🤖 AI Summary
This work addresses the challenge of few-shot bimanual robot manipulation, where standard in-context learning struggles due to the high-dimensional joint action space and tight coordination constraints, often saturating the context window. The authors propose BiCICLe, a framework that formulates bimanual control as a multi-agent leader-follower problem, decoupling the action space by conditioning each arm’s policy on the other. It introduces an “arm debate” mechanism combined with an LLM-as-Judge strategy to iteratively refine coordinated trajectories. Notably, BiCICLe achieves the first successful application of off-the-shelf large language models—without fine-tuning—to few-shot bimanual control, attaining an average success rate of 71.1% across 13 tasks in the TWIN benchmark. This result surpasses the best training-free baseline by 6.7 percentage points and outperforms most supervised methods, demonstrating exceptional generalization to novel tasks.
📝 Abstract
Language Models (LLMs) have emerged as powerful reasoning engines for embodied control. In particular, In-Context Learning (ICL) enables off-the-shelf, text-only LLMs to predict robot actions without any task-specific training while preserving their generalization capabilities. Applying ICL to bimanual manipulation remains challenging, as the high-dimensional joint action space and tight inter-arm coordination constraints rapidly overwhelm standard context windows.
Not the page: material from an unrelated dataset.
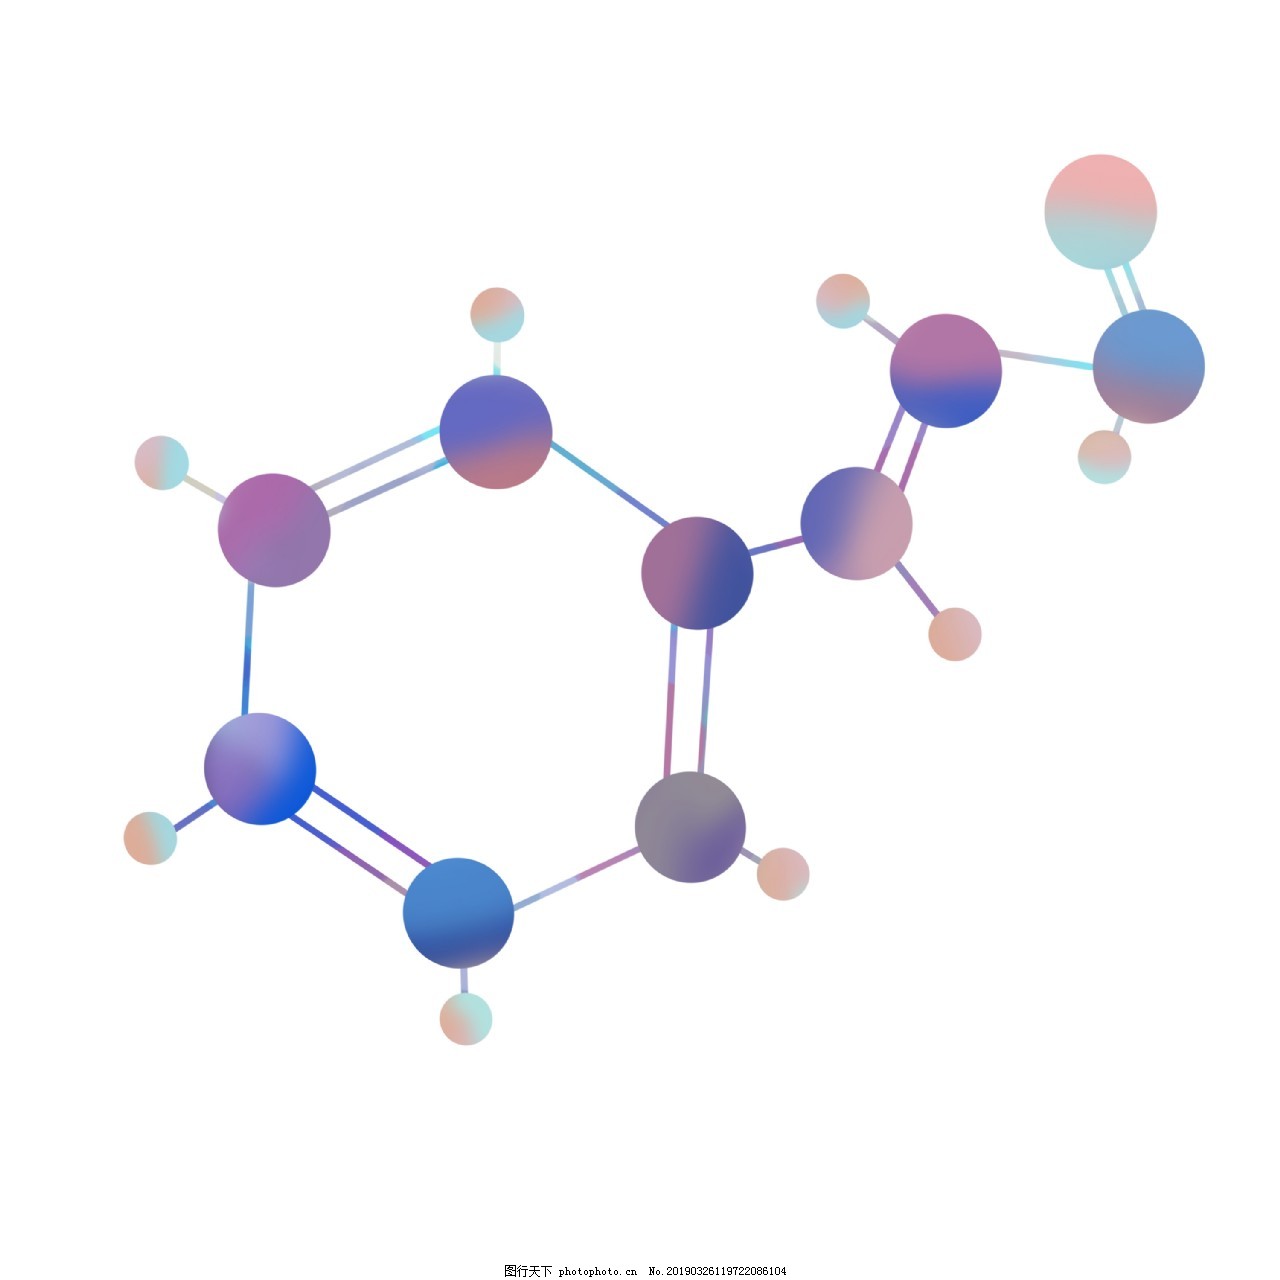 矢量图化学分子结构图图片素材免费下载 - 觅知网
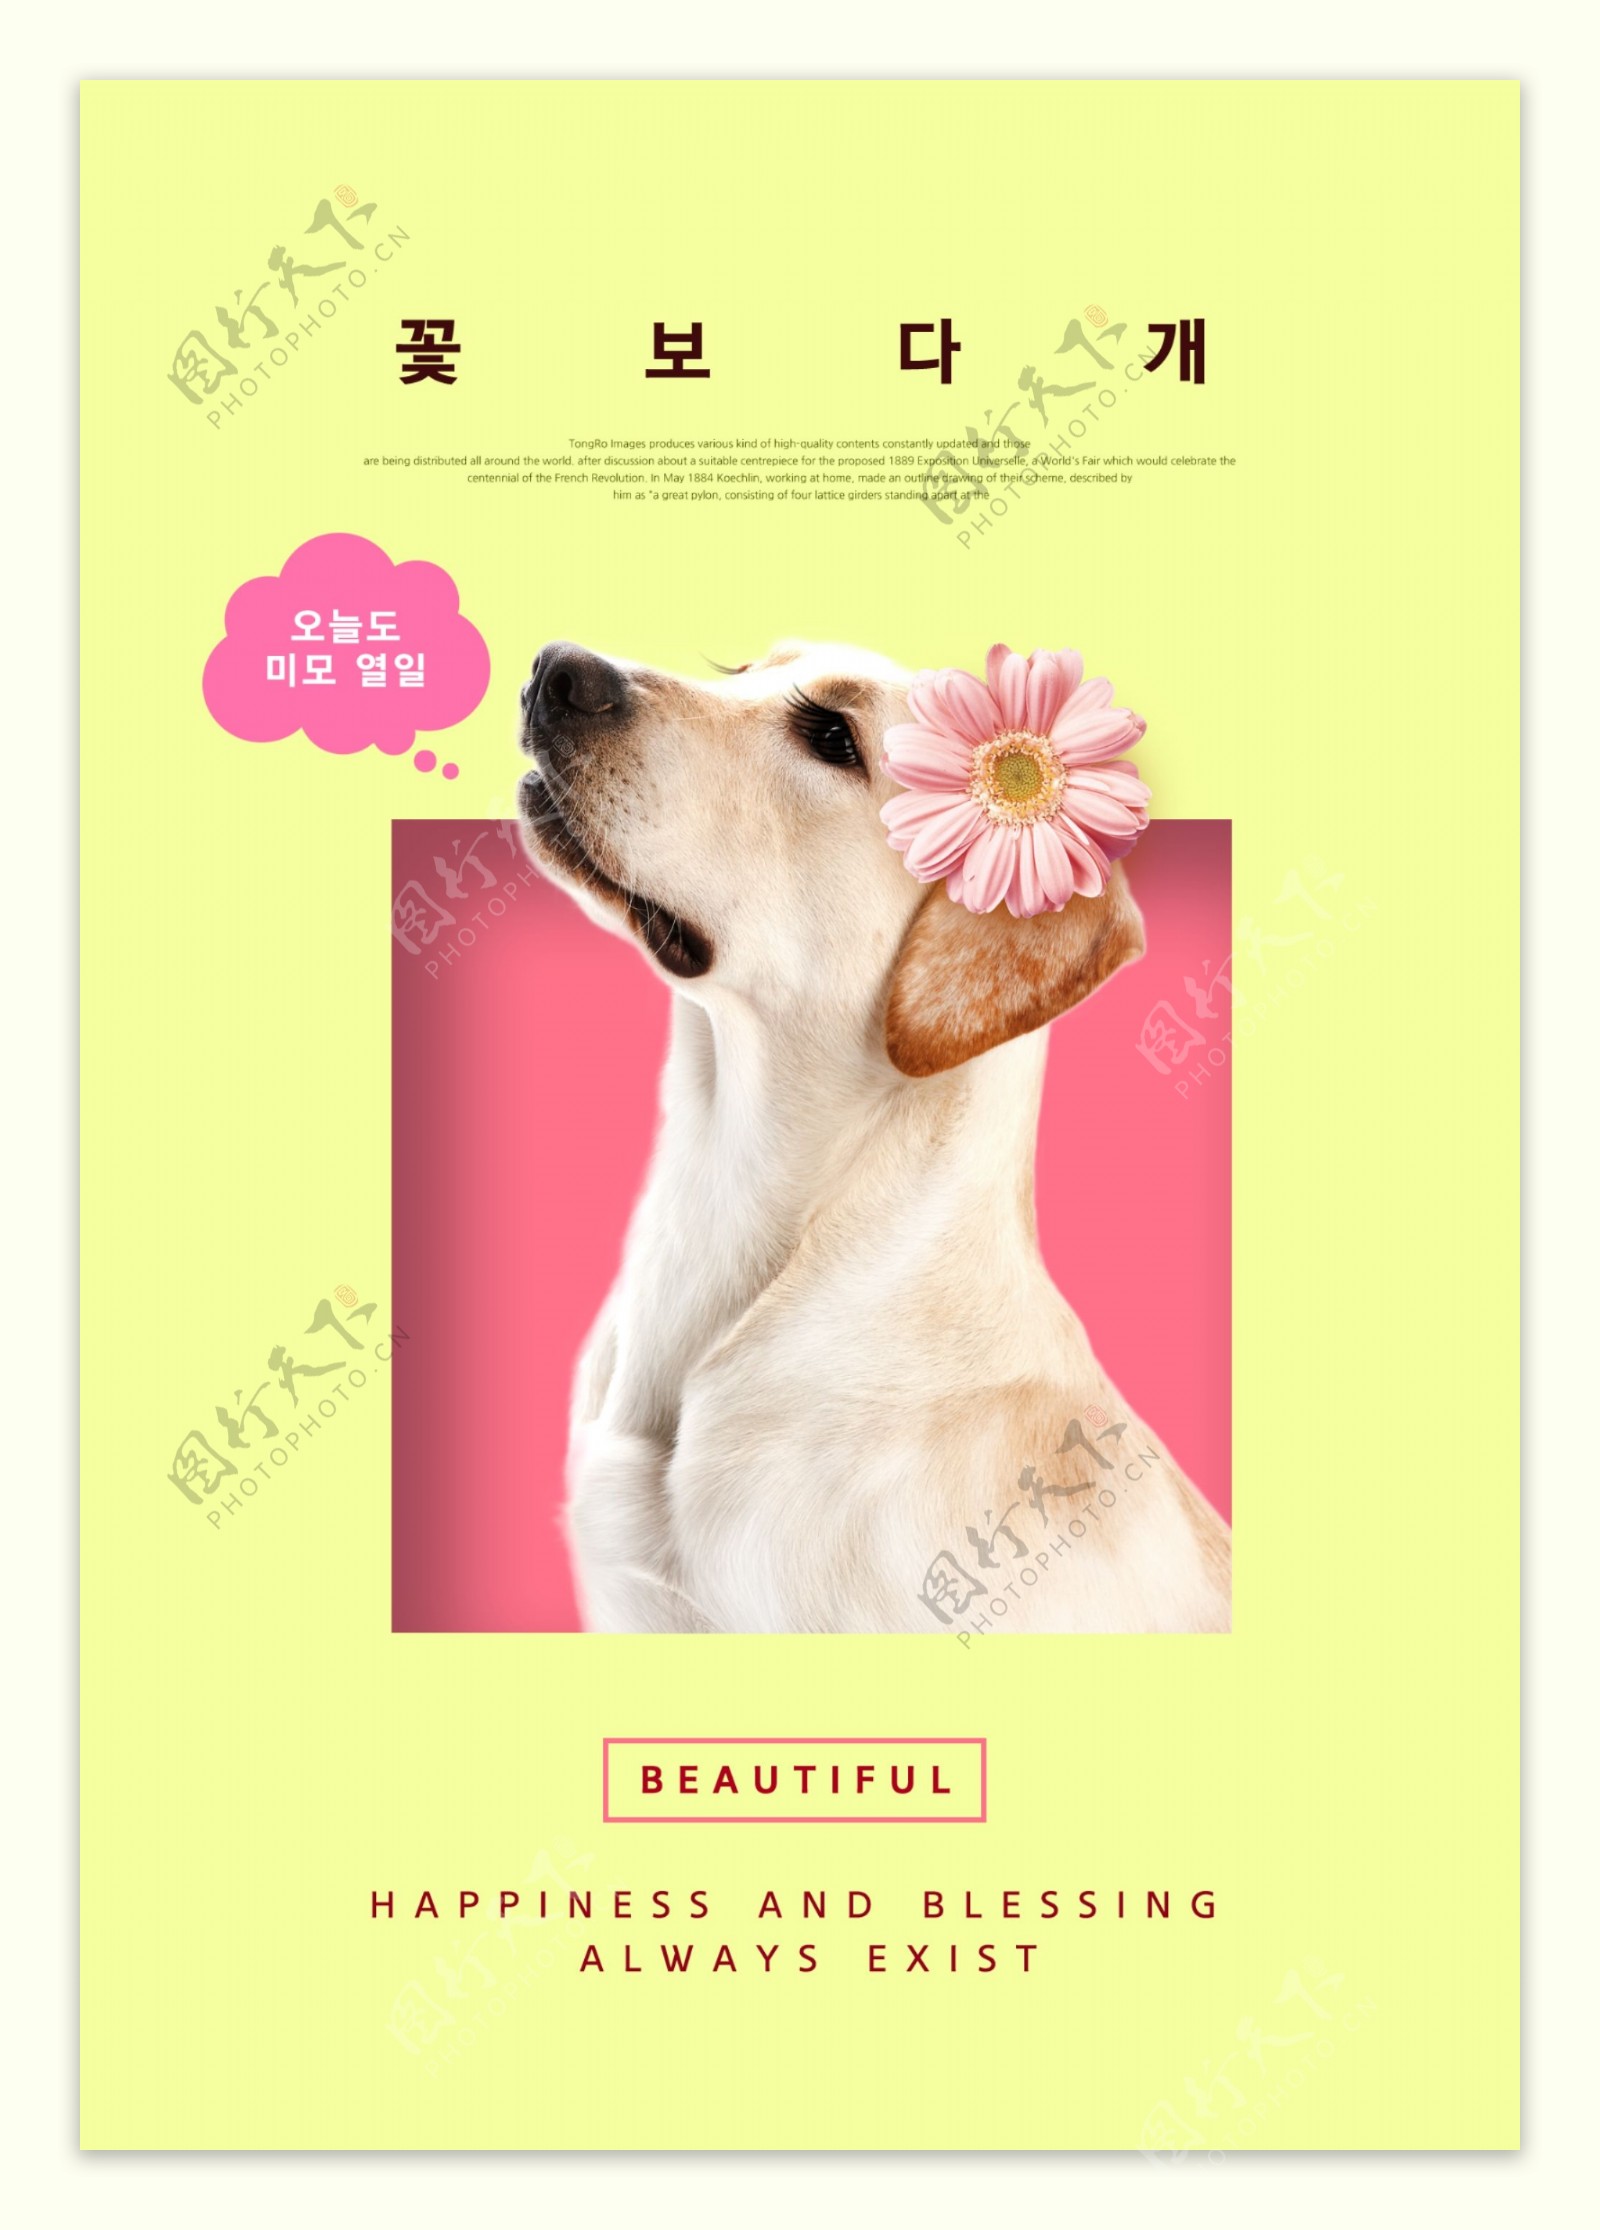 戴着红花的可爱宠物狗海报素材

To address this, we introduce BiCICLe (Bimanual Coordinated In-Context Learning), the first framework that enables standard LLMs to perform few-shot bimanual manipulation without fine-tuning. BiCICLe frames bimanual control as a multi-agent leader-follower problem, decoupling the action space into sequential, conditioned single-arm predictions. This naturally extends to Arms' Debate, an iterative refinement process, and to the introduction of a third LLM-as-Judge to evaluate and select the most plausible coordinated trajectories. Evaluated on 13 tasks from the TWIN benchmark, BiCICLe achieves up to 71.1% average success rate, outperforming the best training-free baseline by 6.7 percentage points and surpassing most supervised methods. We further demonstrate strong few-shot generalization on novel tasks.